Department of Computer Science, Texas A&M University, College Station, TX, United States of America.
Laboratory of Host-Pathogen Biology, The Rockefeller University, New York, NY, United States of America.
PLoS One. 2021 Oct 1;16(10):e0257911. doi: 10.1371/journal.pone.0257911. eCollection 2021.
Chemical-genetics (C-G) experiments can be used to identify interactions between inhibitory compounds and bacterial genes, potentially revealing the targets of drugs, or other functionally interacting genes and pathways. C-G experiments involve constructing a library of hypomorphic strains with essential genes that can be knocked-down, treating it with an inhibitory compound, and using high-throughput sequencing to quantify changes in relative abundance of individual mutants. The hypothesis is that, if the target of a drug or other genes in the same pathway are present in the library, such genes will display an excessive fitness defect due to the synergy between the dual stresses of protein depletion and antibiotic exposure. While assays at a single drug concentration are susceptible to noise and can yield false-positive interactions, improved detection can be achieved by requiring that the synergy between gene and drug be concentration-dependent. We present a novel statistical method based on Linear Mixed Models, called CGA-LMM, for analyzing C-G data. The approach is designed to capture the dependence of the abundance of each gene in the hypomorph library on increasing concentrations of drug through slope coefficients. To determine which genes represent candidate interactions, CGA-LMM uses a conservative population-based approach in which genes with negative slopes are considered significant only if they are outliers with respect to the rest of the population (assuming that most genes in the library do not interact with a given inhibitor). We applied the method to analyze 3 independent hypomorph libraries of M. tuberculosis for interactions with antibiotics with anti-tubercular activity, and we identify known target genes or expected interactions for 7 out of 9 drugs where relevant interacting genes are known.
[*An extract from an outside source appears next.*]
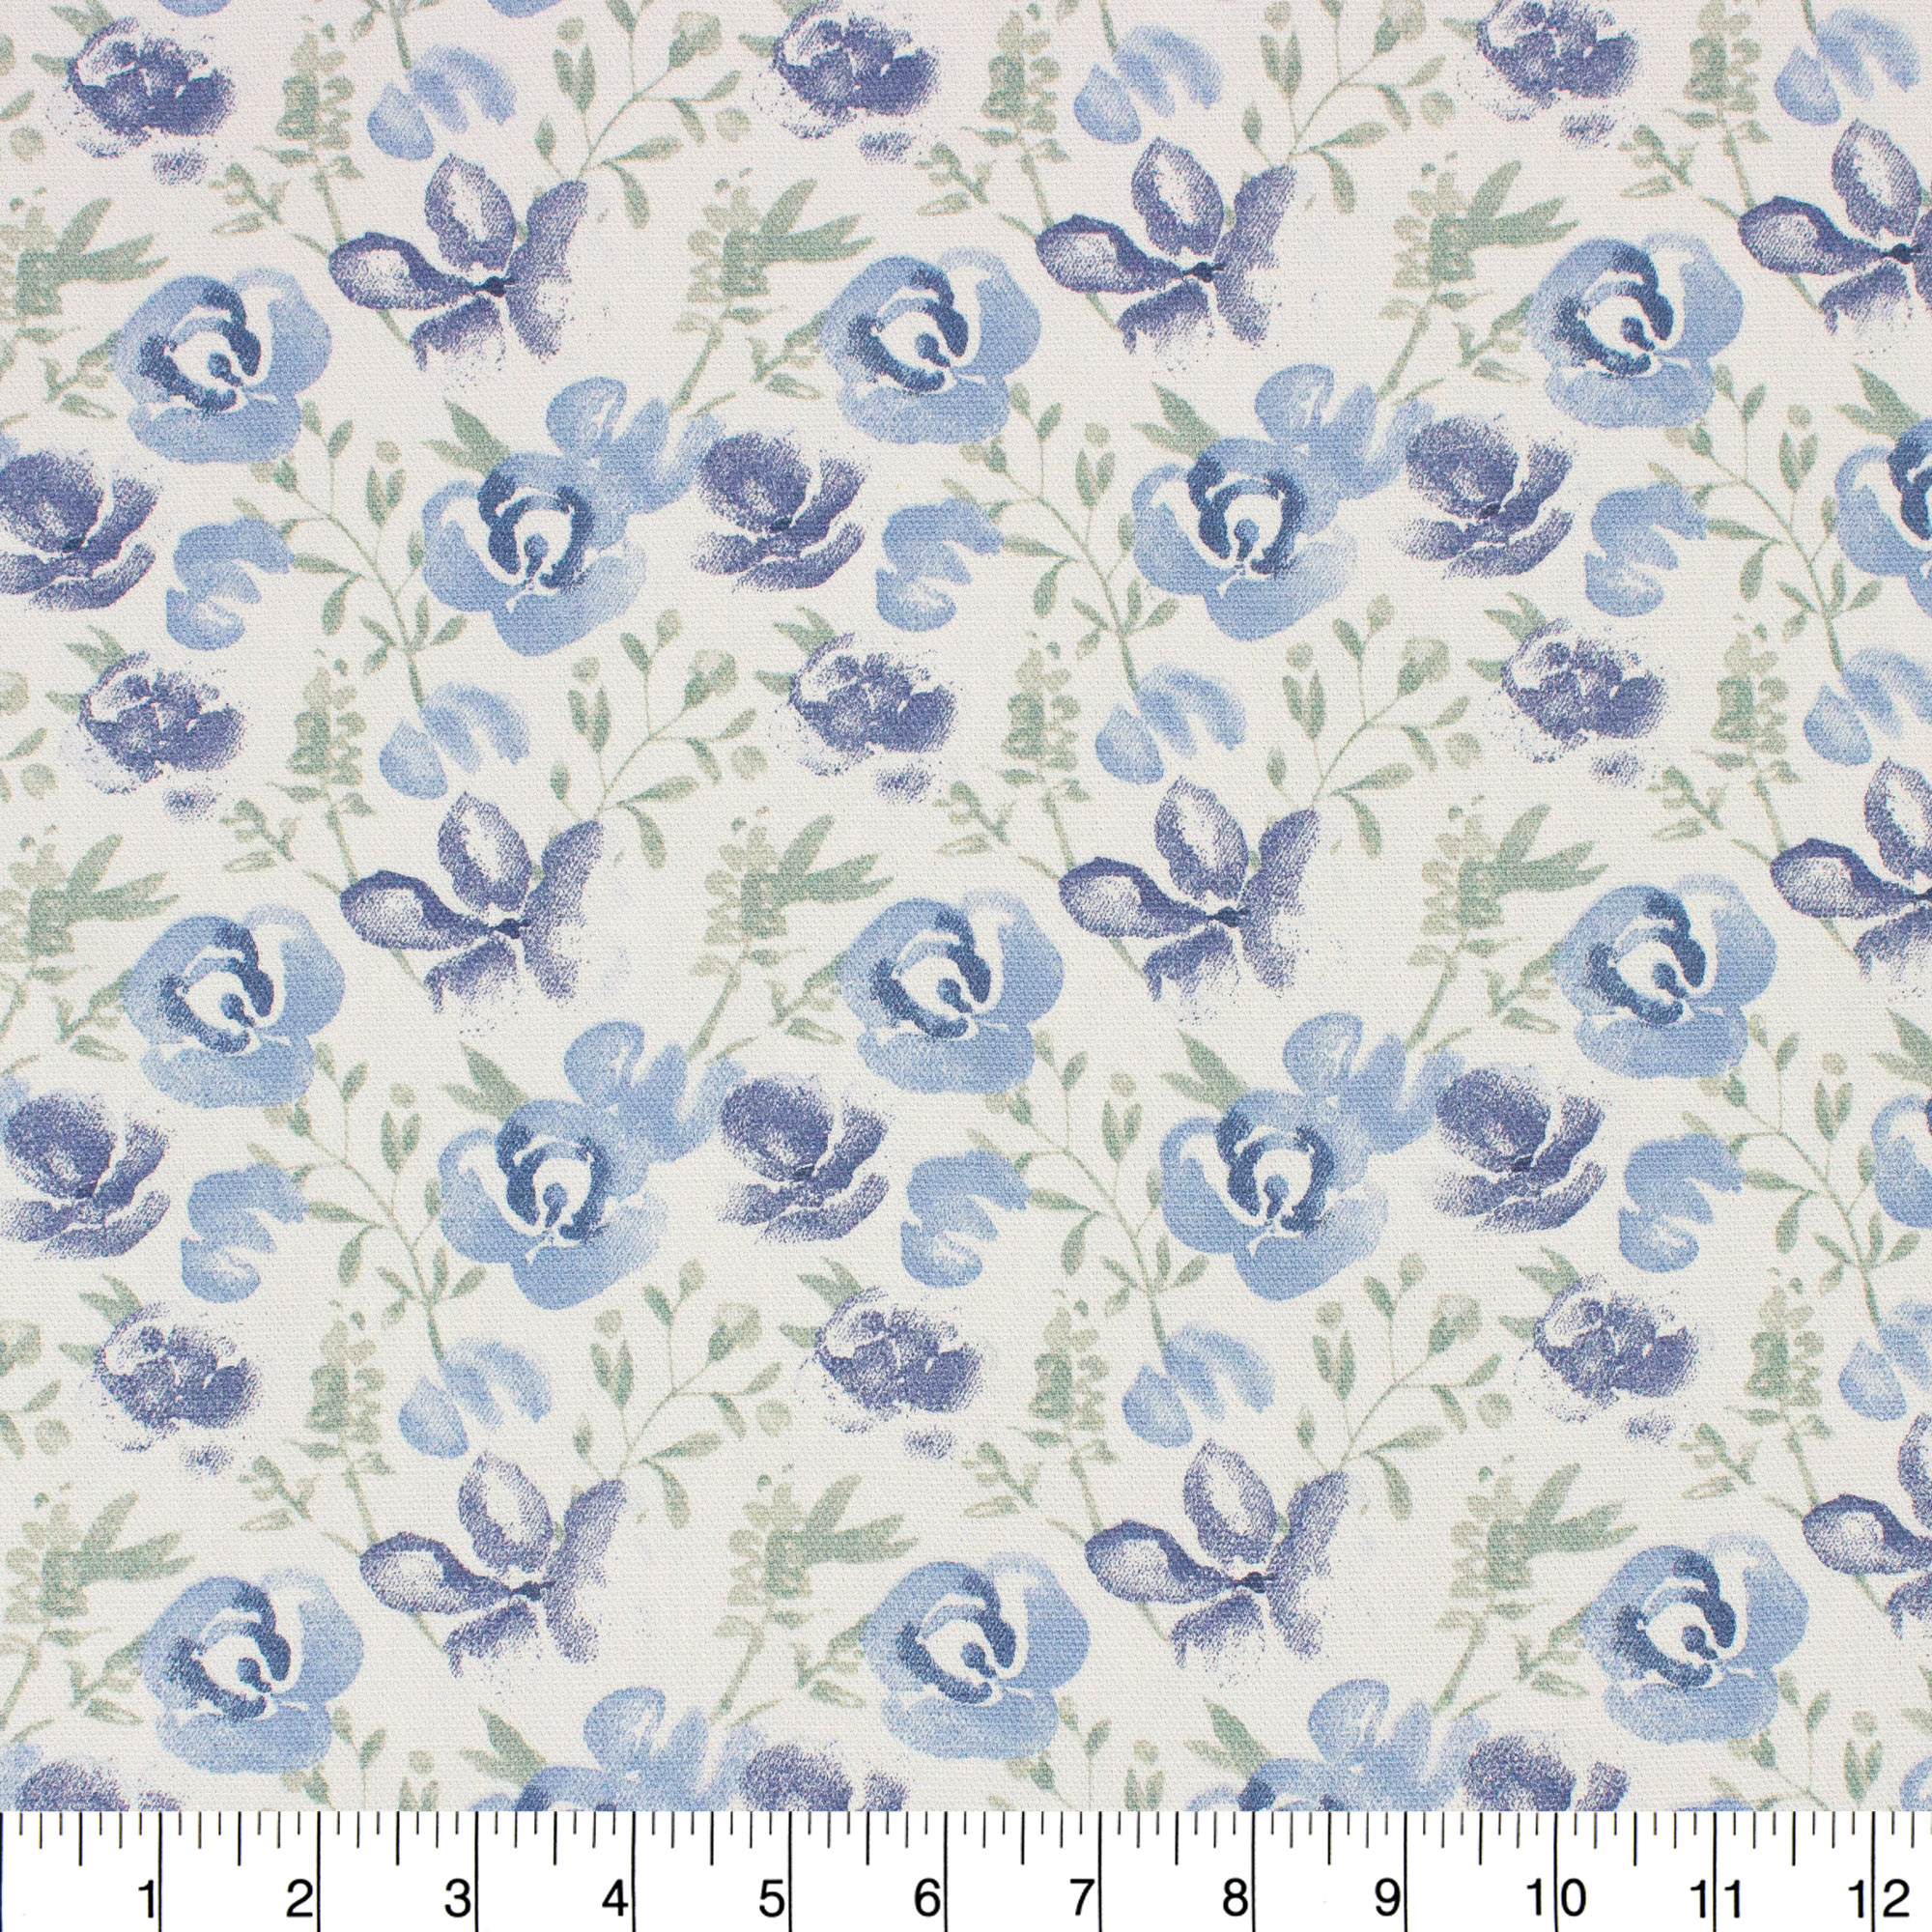 Better Homes & Gardens 100% Cotton Watercolor Floral Blue, 2 Yard Precut Fabric - image 5 of 6

化学遗传学(C-G)实验可用于鉴定抑制性化合物与细菌基因之间的相互作用,从而可能揭示药物的靶标或其他具有功能相互作用的基因和途径。C-G 实验涉及构建一个具有必需基因的弱表型菌株文库,这些基因可以被敲低,用抑制性化合物处理,然后使用高通量测序来定量个体突变体相对丰度的变化。假设如果药物的靶标或同一途径中的其他基因存在于文库中,由于蛋白耗竭和抗生素暴露的双重压力协同作用,这些基因将表现出过度的适应性缺陷。虽然在单一药物浓度下进行的测定容易受到噪声的影响,并可能产生假阳性相互作用,但通过要求基因与药物之间的协同作用与浓度相关,可以提高检测效果。我们提出了一种基于线性混合模型的新统计方法,称为 CGA-LMM,用于分析 C-G 数据。该方法旨在通过斜率系数捕获弱表型文库中每个基因的丰度对药物浓度增加的依赖性。为了确定哪些基因代表候选相互作用,CGA-LMM 使用了一种保守的基于群体的方法,其中具有负斜率的基因只有在相对于群体其他部分(假设文库中的大多数基因与给定抑制剂不相互作用)是异常值时才被认为是显著的。我们应用该方法分析了 3 个独立的结核分枝杆菌弱表型文库与具有抗结核活性的抗生素的相互作用,我们确定了 9 种药物中的 7 种已知靶标基因或预期相互作用,其中 7 种药物是已知的相关相互作用基因。